Vision Golfe: Hub mondial de la logistique verte et opportunités d'affaires

  • L’Arabie saoudite, à travers la Vision 2030, a défini des projets ambitieux dans la filière de la logistique verte, notamment à travers la conclusion de partenariats stratégiques gagnants avec des partenaires étrangers, dont la France
  • «Nos partenariats avec la France sont solides et durables; ils peuvent être considérés comme un exemple dans la région»

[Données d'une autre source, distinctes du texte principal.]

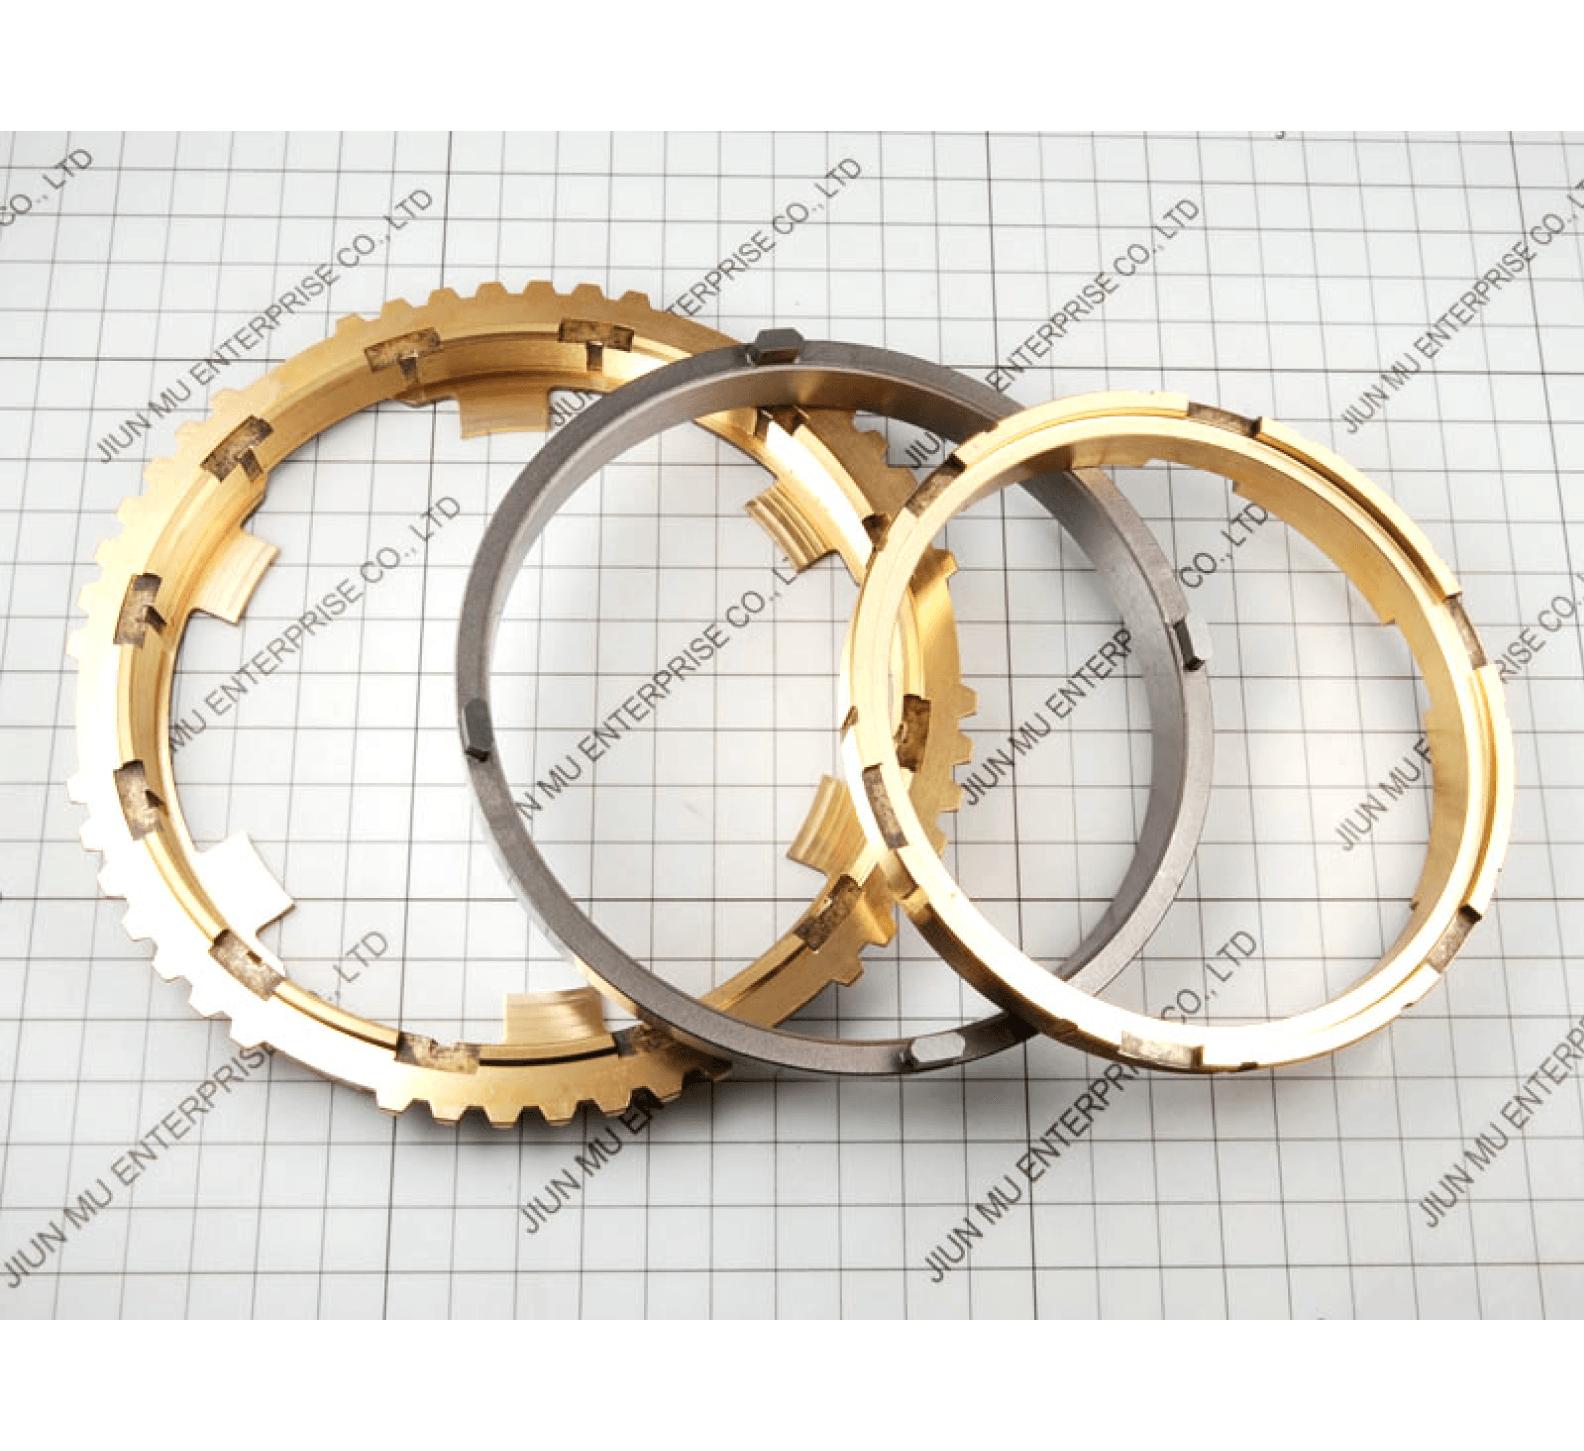 Bus Synchronizer Ring for Transmission Systems made by JIUN MU ENTERPRISE CO., LTD. 均牧實業股份有限公司 - MatchSupplier.com
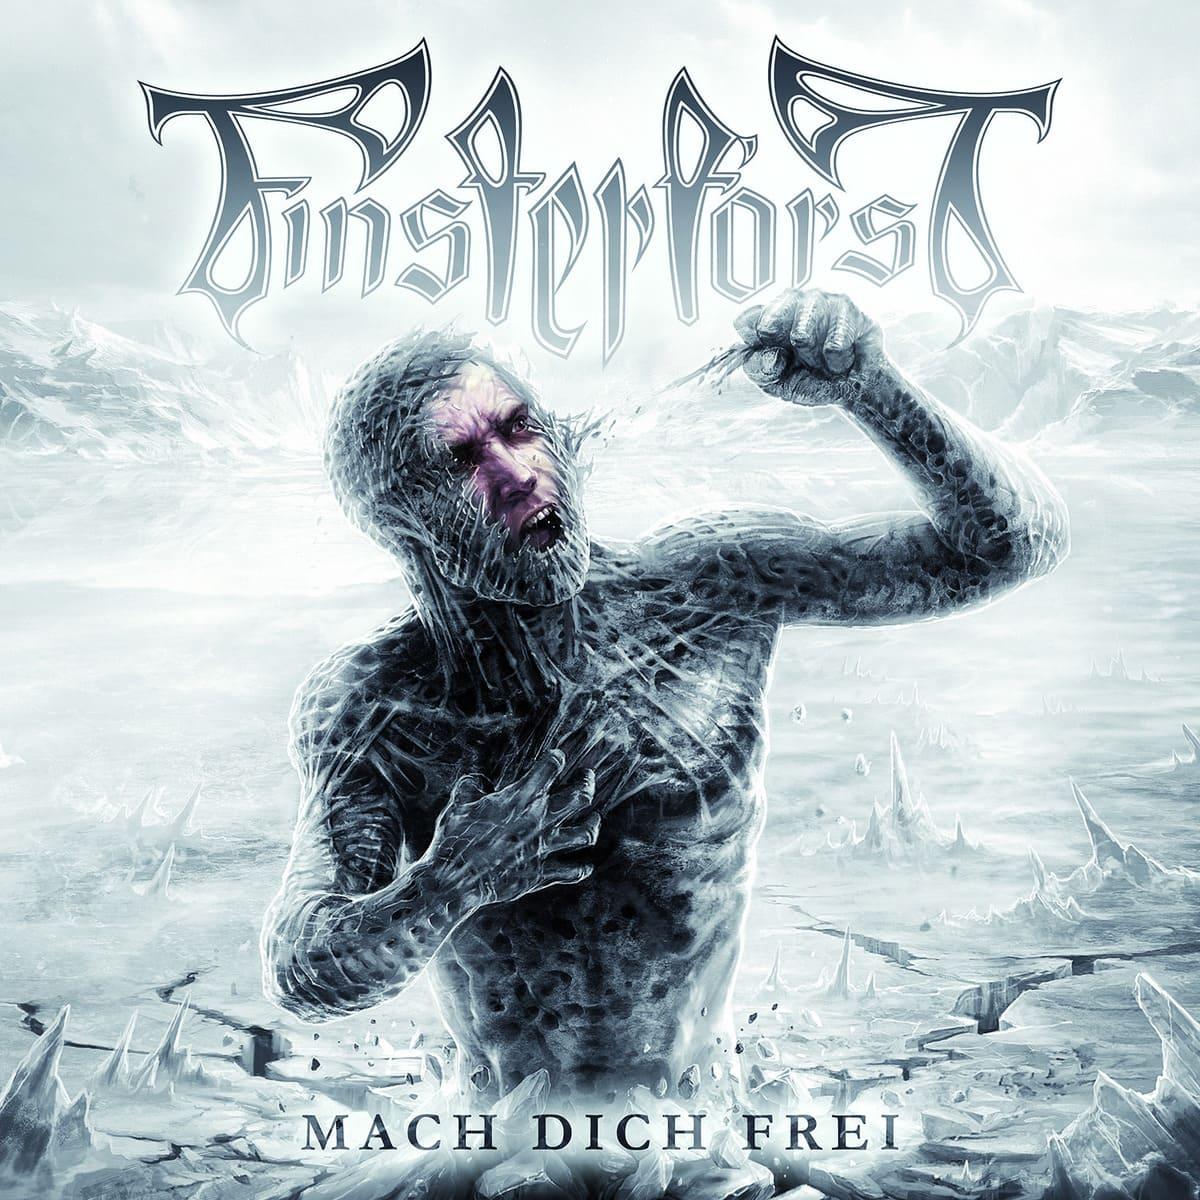 FINSTERFORST (DEU) – Mach dich frei, 2015

PARIS: Une table ronde intitulée «Nouveau hub mondial de la logistique verte dans les pays du Golfe: opportunités de partenariats et nouveaux investissements» a été organisée aujourd’hui à Paris, au ministère de l’Économie, des Finances et de la Souveraineté industrielle et numérique, dans le cadre des journées consacrées à Vision Golfe. Cette discussion vise à explorer les perspectives de partenariats et d'investissements dans le secteur de la logistique verte dans la région du Golfe, qui est en train de devenir un nouveau hub mondial.

Le groupe d’intervenants, animé par Ali Itani, directeur régional d’Arab News en français, a rassemblé des représentants des institutions spécialisées dans le domaine de la logistique, des présidents d’infrastructures portuaires ainsi que des institutions financières qui ont pu échanger sur l’évolution du secteur de la logistique verte dans les pays membres du Conseil de coopération du Golfe (CCG).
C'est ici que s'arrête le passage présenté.